When challenged, delivers a stiff resistance monologue about “boundaries.” Hard to swallow, but somehow they do it loudly.

3) The Späti Cash-Only Traditionalist — 8/10

A defensive rock. Refuses contactless payments with the purity of Adorno refusing joy.

Build-up play: lightning fast.

Finishing: hands you a warm beer and exact change like it’s a sacrament.

4) The “I’m Not Political, But…” Midfielder — 4/10

Controls the center of the conversation, loses possession instantly, then blames “the media,” “the youth,” or “a vibe.”

Claims to have read Derrida but can’t deconstruct a recycling label.

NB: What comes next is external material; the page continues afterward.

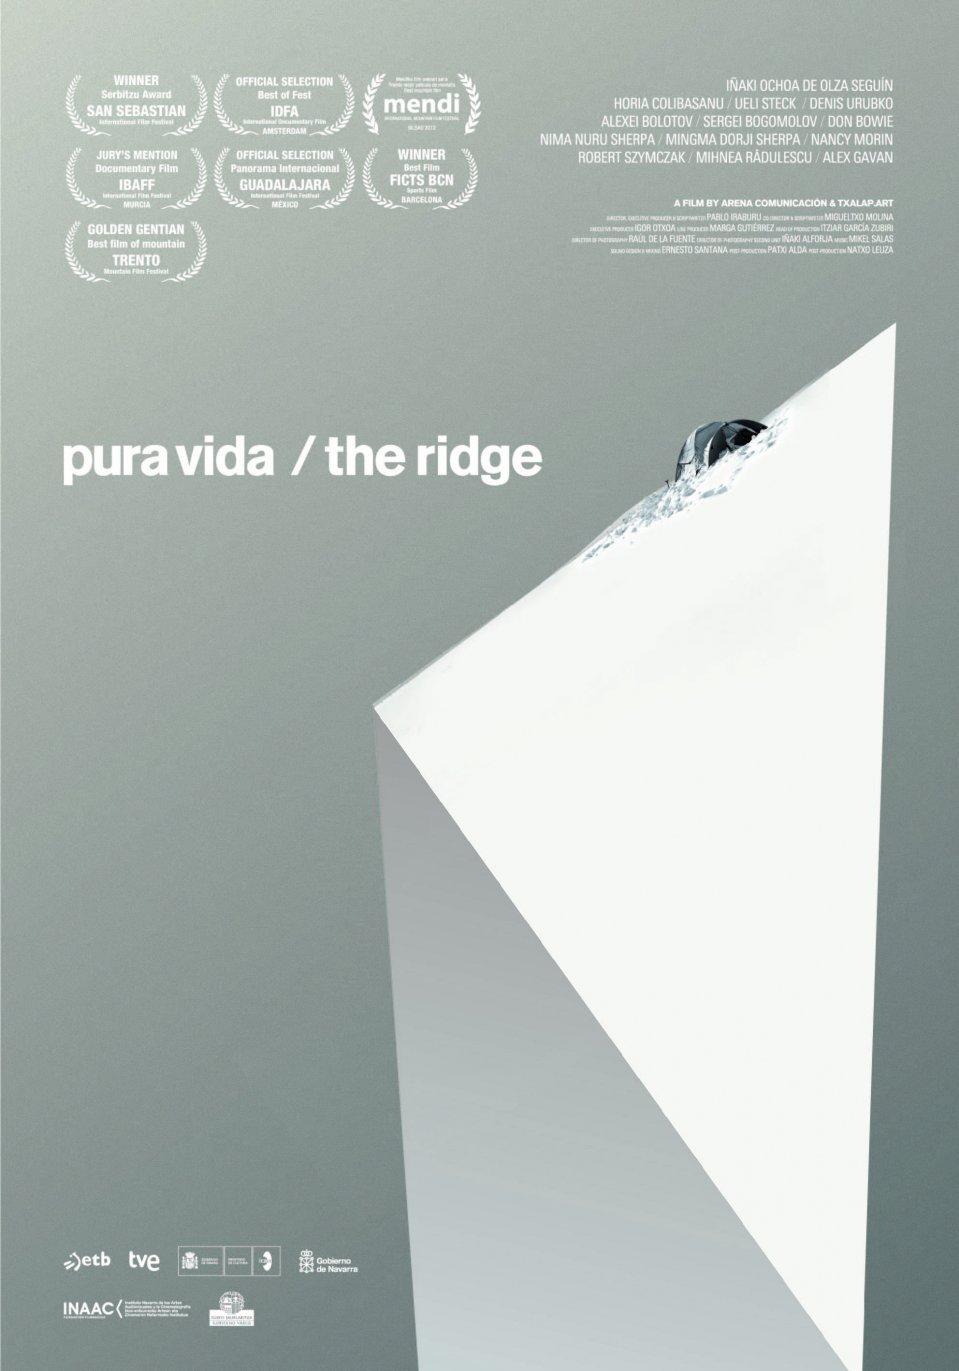 PURA VIDA / THE RIDGE

5) The Late-Minute Roommate Who “Just Needs 10 Minutes” — Ljubicic Energy: 9/10

Arrives at the last possible second with groceries, chaos, and a story that doesn’t add up. Saves the household anyway because they somehow found toilet paper during an existential shortage.

A classic Berlin substitution: questionable decision-making, miraculous impact.

6) The Park Grill Sociologist — 6/10

Turns every informal gathering into Situationist psychogeography: “We’re reclaiming space,” they say, while colonizing the entire bench network with smoke.

Strong pressing, weak cleanup.

7) The Nighttime Balcony DJ (Unlicensed) — 5/10

A Baudrillard simulacrum of nightlife: the vibe of a club, none of the consent.

Penetrates the neighborhood soundscape with surprising force, then claims it’s “community.”

The Kung-Fu Köhn Problem: Flailing as a Lifestyle

Union’s kung-fu keeper is funny because it’s a professional losing their mind for 0.8 seconds.

In Wedding, it’s a municipal identity. We flail at:

  • delivery bikes
  • stroller traffic
  • our own ideals
  • the concept of “quiet hours,” which is treated like a rumor started by landlords

And just like in football, the crowd always thinks they could do better—despite having the cardio of a philosopher and the coordination of a hungover Bauhaus lamp.

Final Whistle

Union gets rated because sports fans can’t process emotion without numbers. Wedding gets rated because Berliners can’t process life without pretending it’s a critique in a graduate seminar.

This week’s Man of the Match goes to the person who quietly picked up someone else’s trash, didn’t post about it, and didn’t make it a brand. A freak occurrence—like a clean U8 seat, or a thought that doesn’t immediately become a podcast.